Evaluation of Fiber Optic Shape Sensing Models for Minimally Invasive Prostate Needle Procedures Using OFDR Data.
Jacynthe Francoeur, Raman Kashyap, Samuel Kadoury, Jin Seob Kim, Iulian Iordachita
Abstract
Open AccessThis paper presents a systematic evaluation of fiber optic shape sensing models for prostate needle interventions using a single needle embedded with a three-fiber optical frequency domain reflectometry (OFDR) sensor. Two reconstruction algorithms were evaluated: (1) Linear Interpolation Models (LIM), a geometric method that directly estimates local curvature and orientation from distributed strain measurements, and (2) the Lie-Group Theoretic Model (LGTM), a physics-informed elastic-rod model that globally fits curvature profiles while accounting for tissue-needle interaction. Using software-defined strain-point selection, both sparse and quasi-distributed sensing configurations were emulated from the same OFDR data. Experiments were conducted in homogeneous and two-layer gel phantoms, ex vivo tissue, and a whole-body cadaveric pig model.

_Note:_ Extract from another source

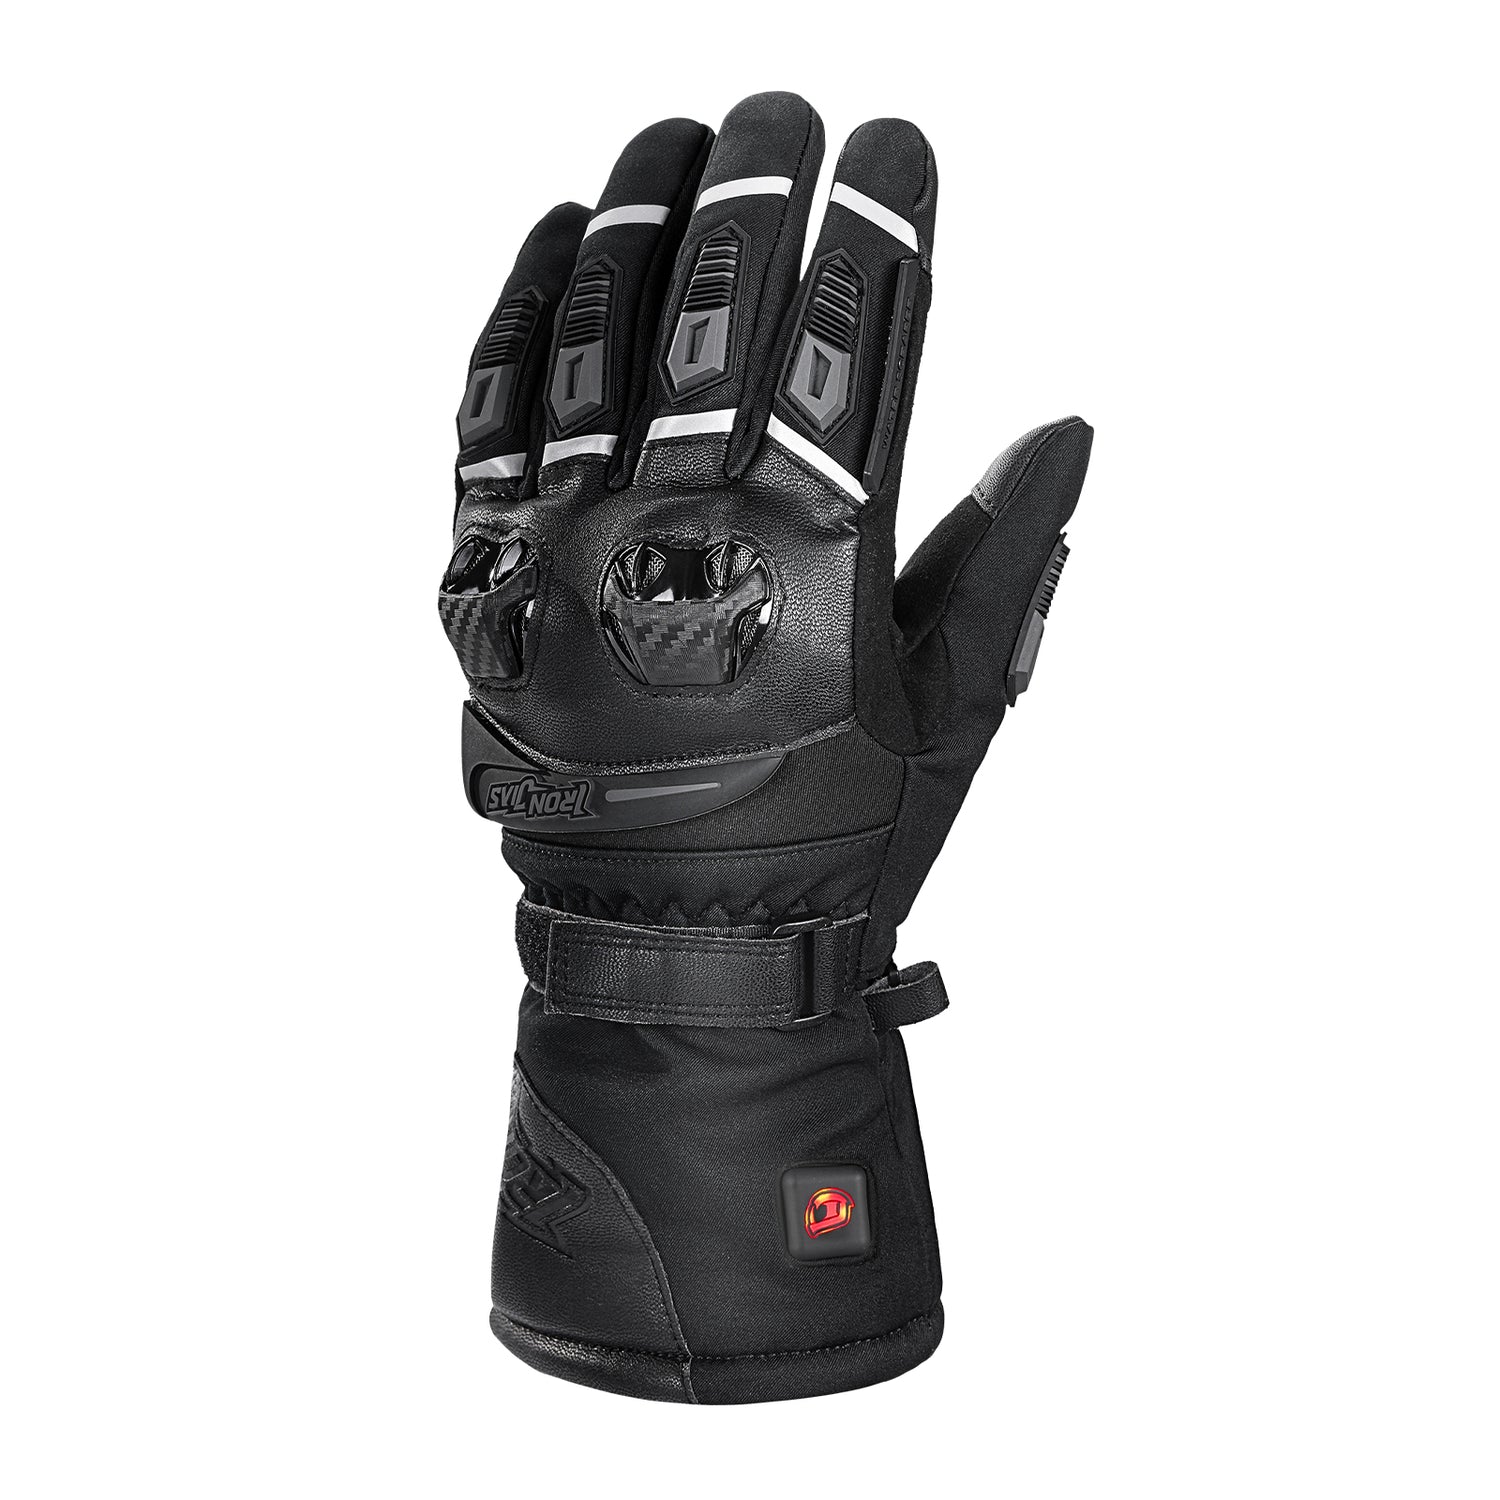 Black Gauntlet Heated Motorcycle Gloves
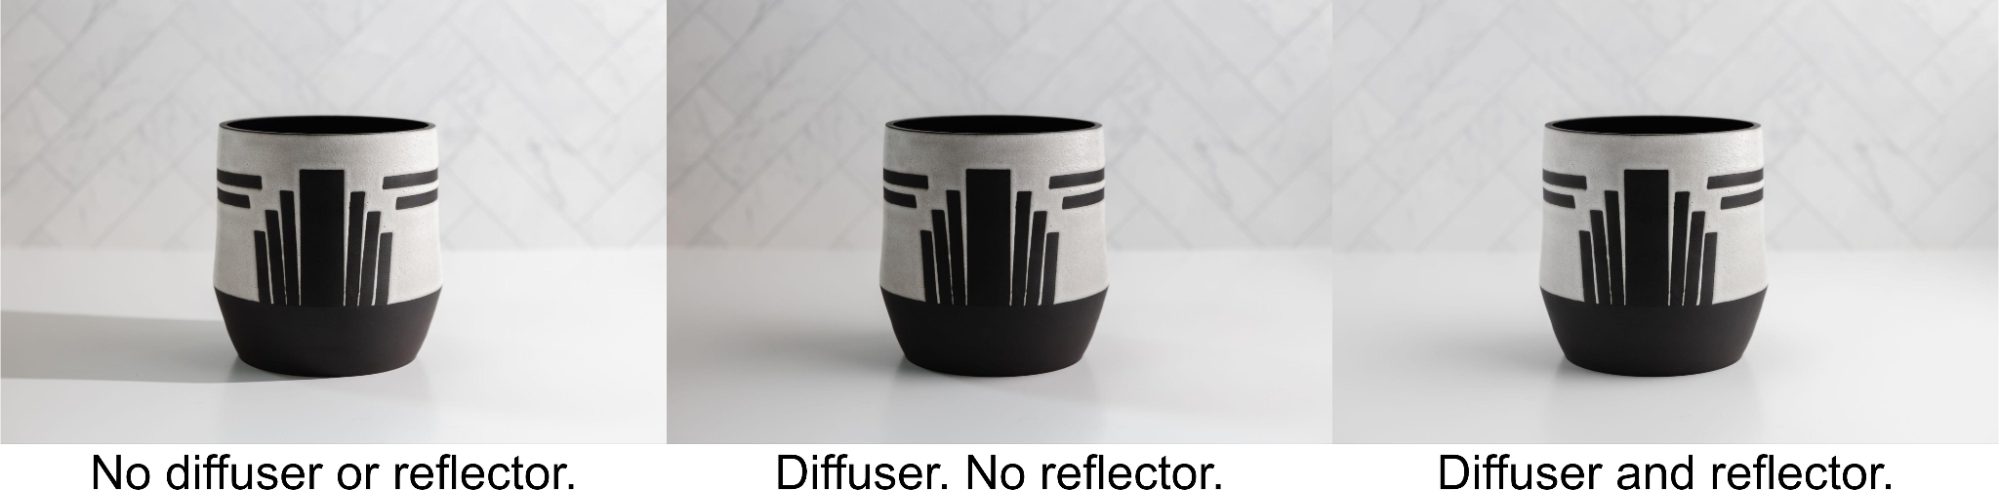 花瓶の製品写真 3 枚: ディフューザー/リフレクターなし (左)。 ディフューザー/リフレクターなし (中央)。 ディフューザーとリフレクター（右）

While the repeated-measures ANOVA did not detect any significant differences, the Friedman test analysis revealed statistically significant differences in RMSEs between LIM and LGTM (p < 0.05), with LIM outperforming LGTM in the ex vivo tissue scenario. LIM also achieved over 50-fold faster computation (< 1 ms vs. > 40 ms per shape), enabling real-time use. These findings highlight the trade-offs between model complexity, sensing density, computational load, and tissue variability, providing guidance for selecting shape-sensing strategies in clinical and robotic needle interventions.